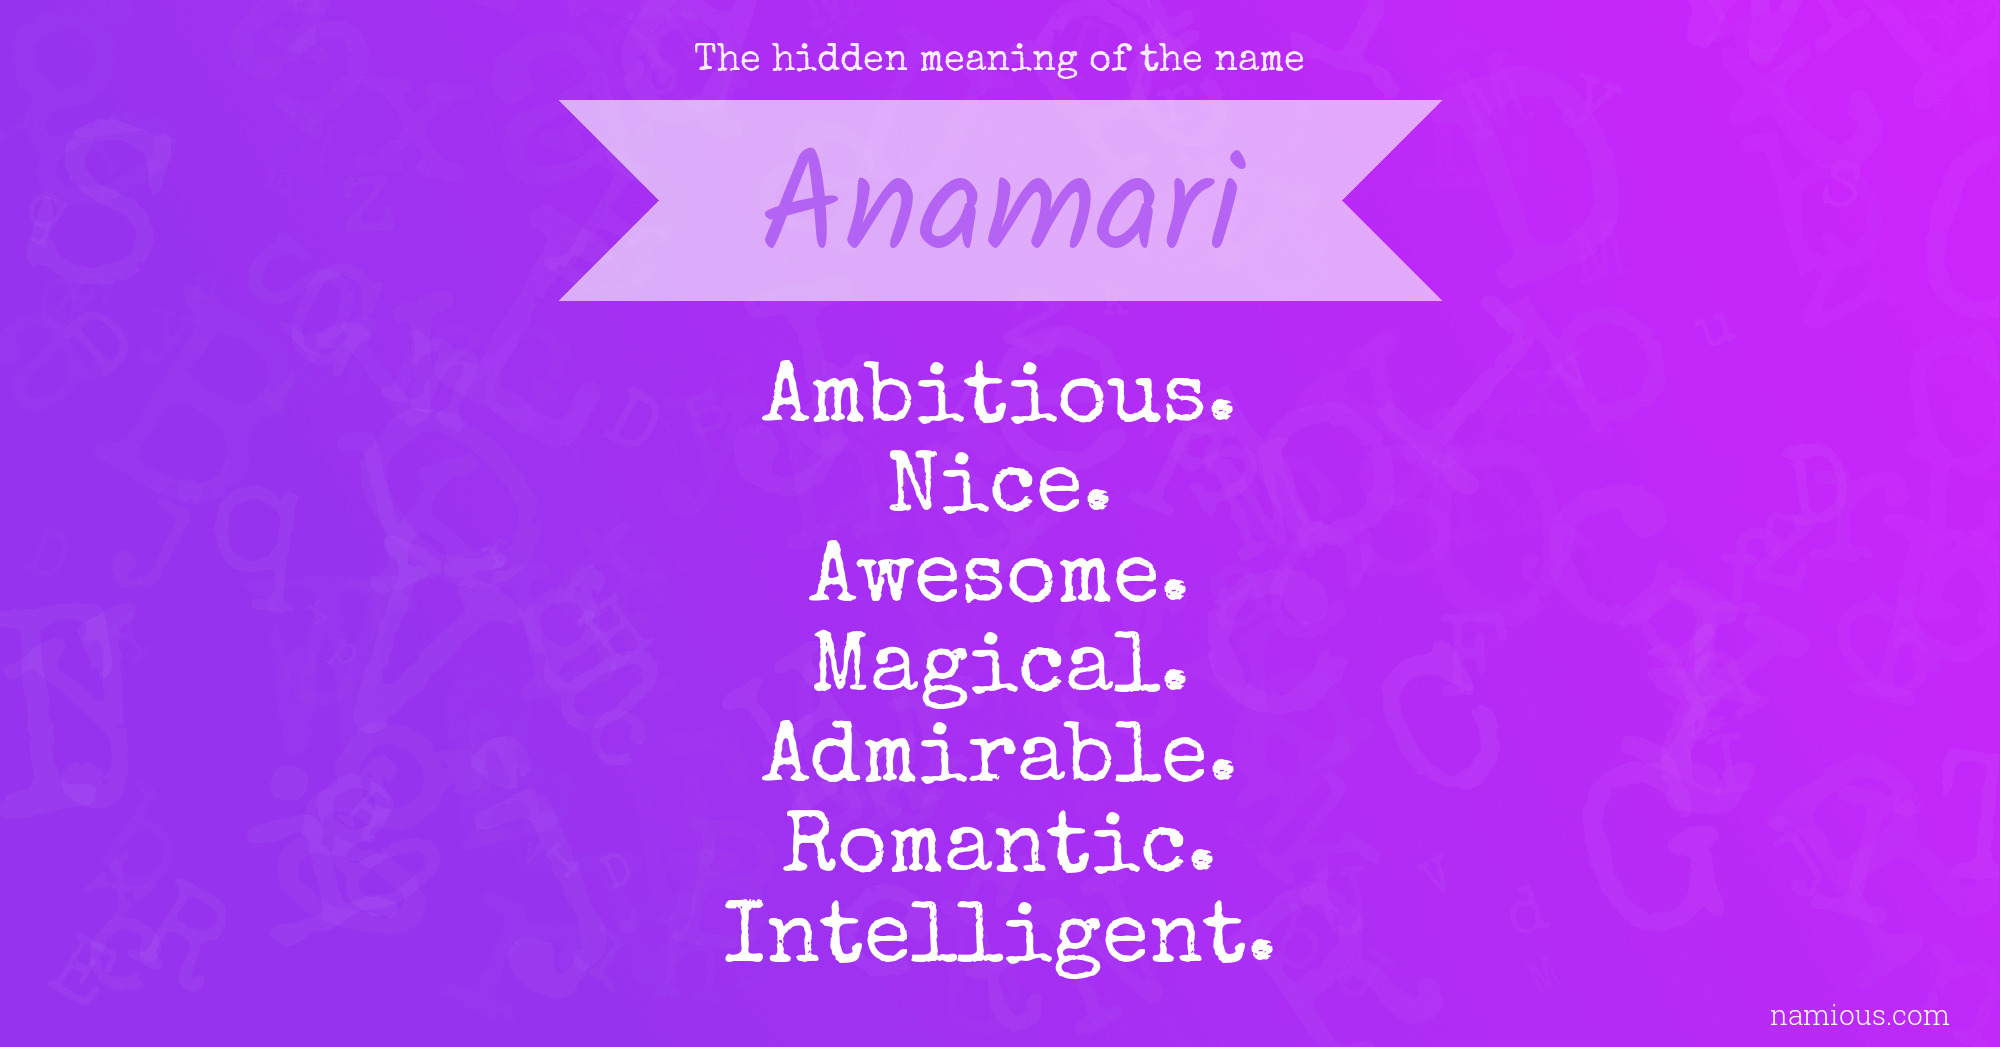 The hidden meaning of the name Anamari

★ ★ ★ ★ ★ ★ ★

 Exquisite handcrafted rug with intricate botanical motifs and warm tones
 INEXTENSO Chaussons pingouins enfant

★ ★ ★ ★ ★ ★ ★

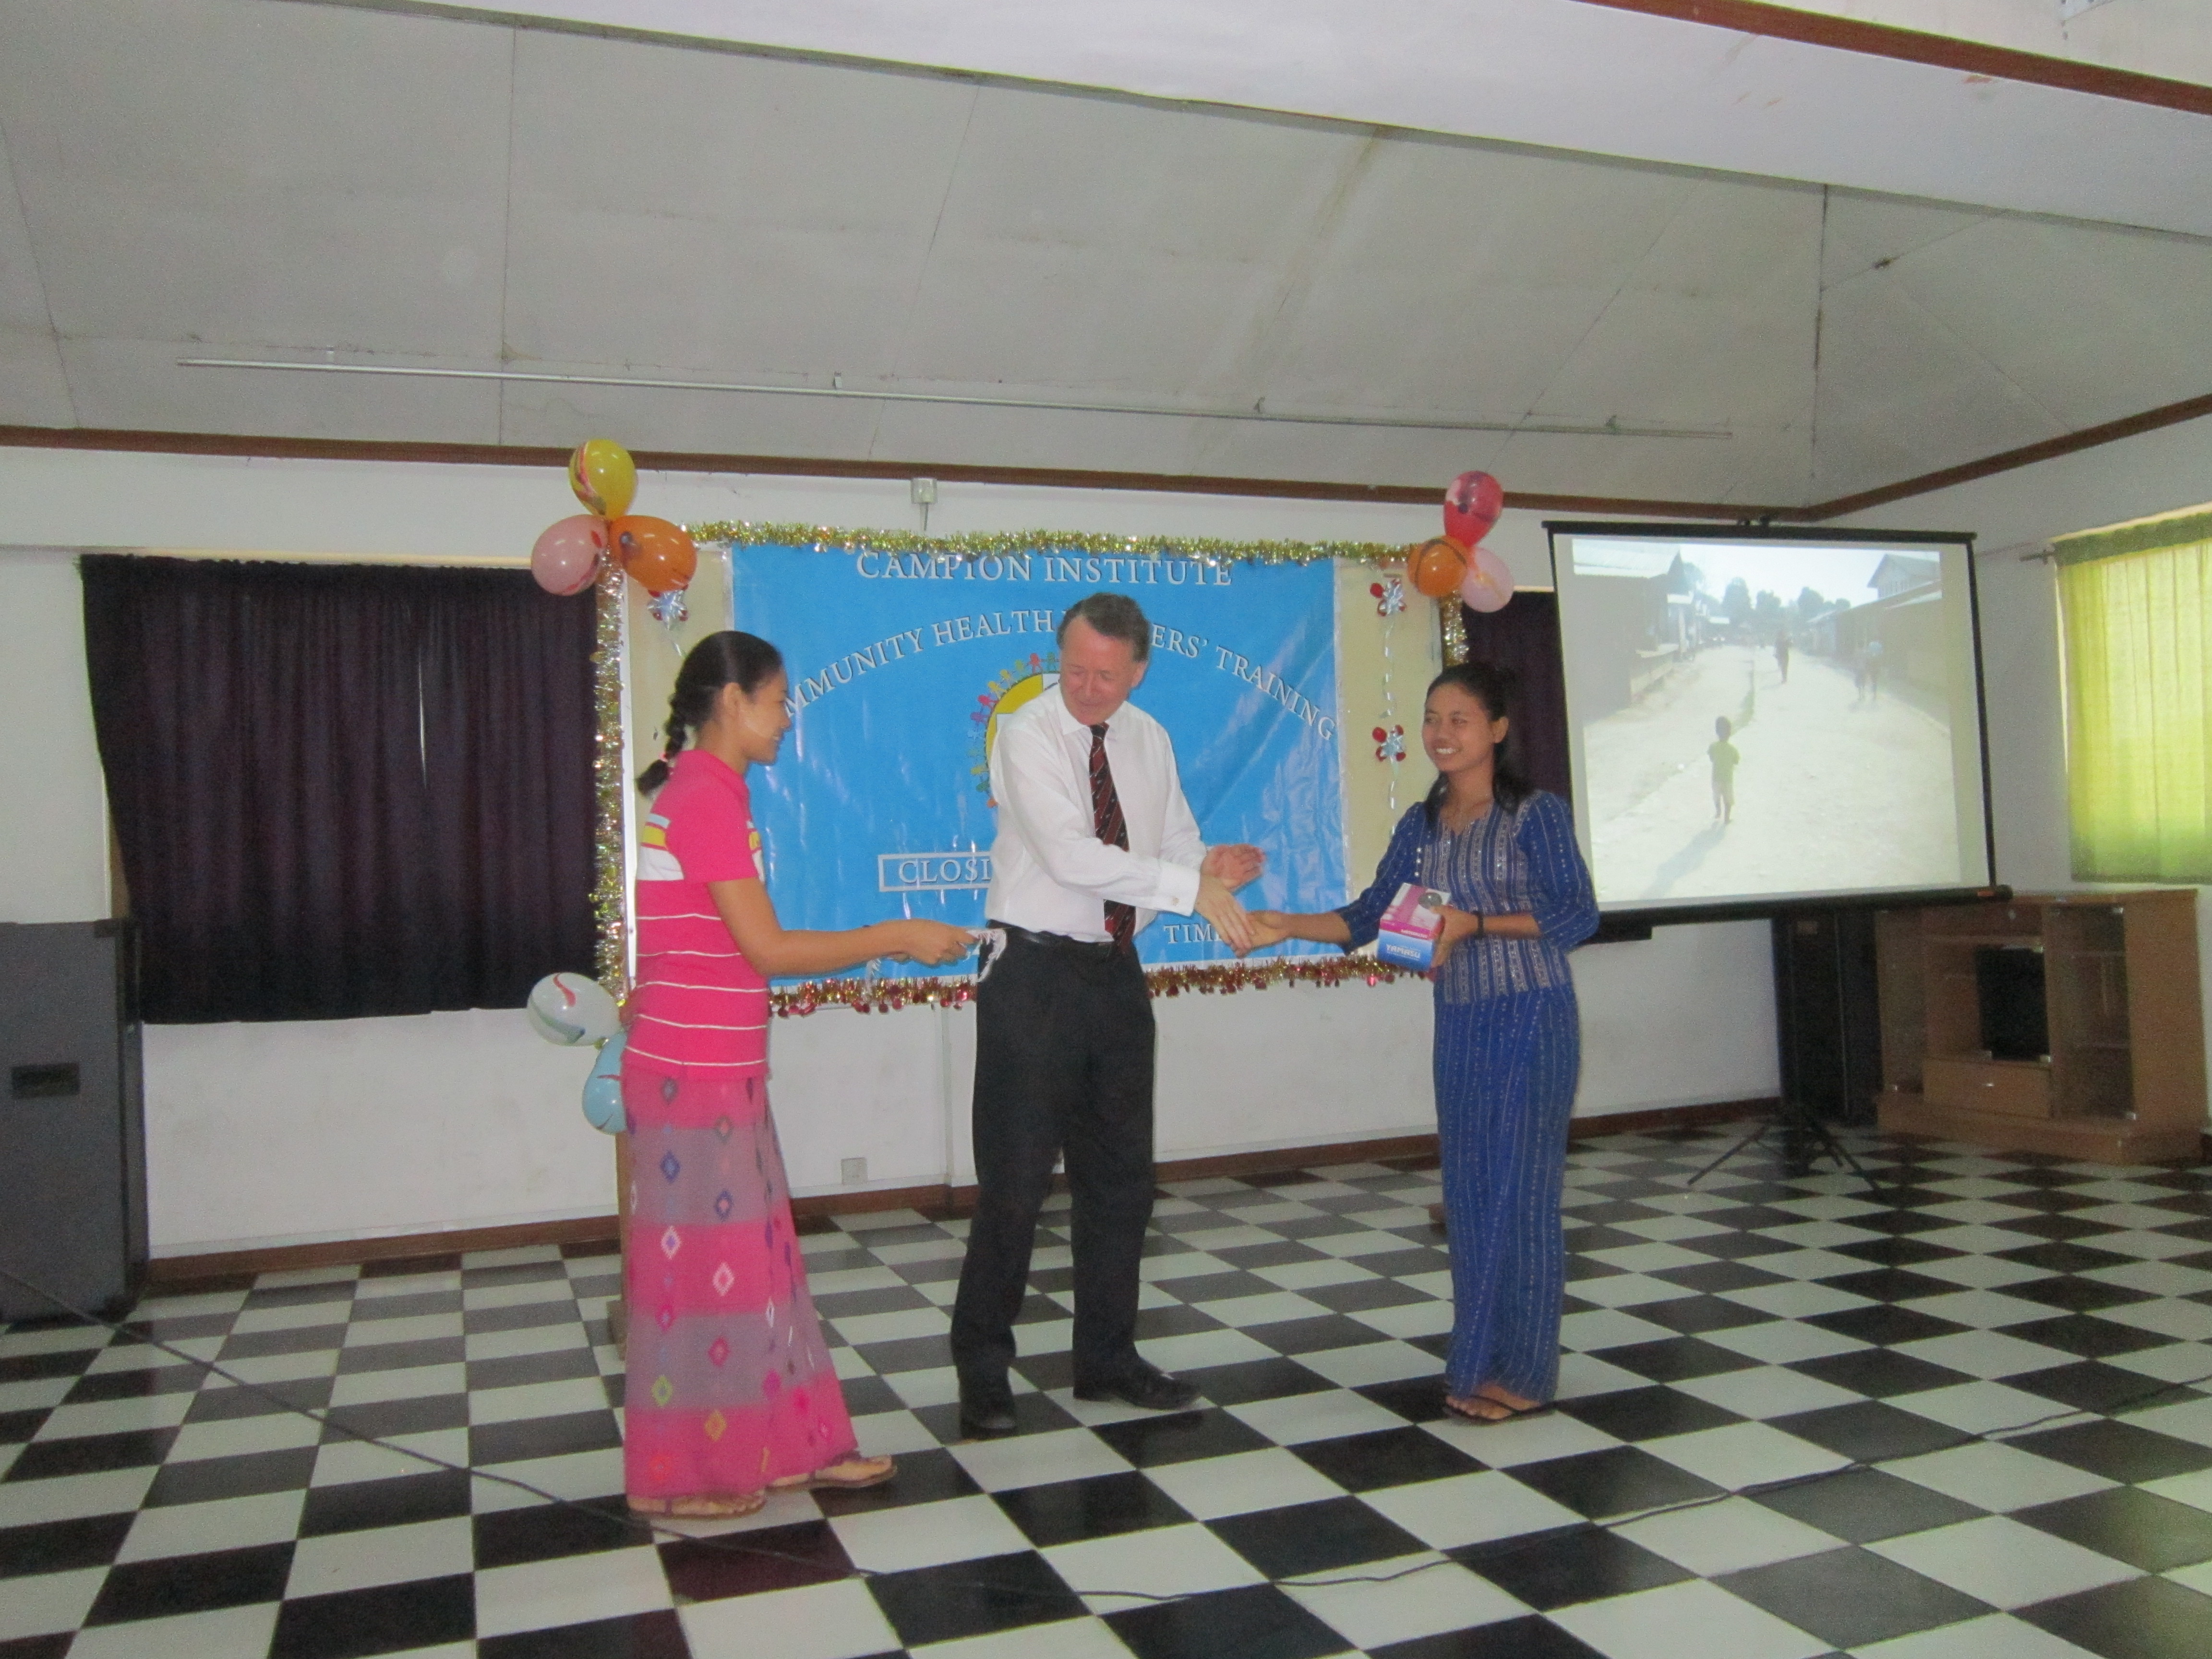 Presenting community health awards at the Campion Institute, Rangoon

★ ★ ★ ★ ★ ★ ★

- **Problem details**
All lines in the data above from the one with "Exquisite handcrafted rug" through the one with "INEXTENSO Chaussons pingouins enfant" must be repeated exactly, and no others.

- **Expected output**
 Exquisite handcrafted rug with intricate botanical motifs and warm tones
 INEXTENSO Chaussons pingouins enfant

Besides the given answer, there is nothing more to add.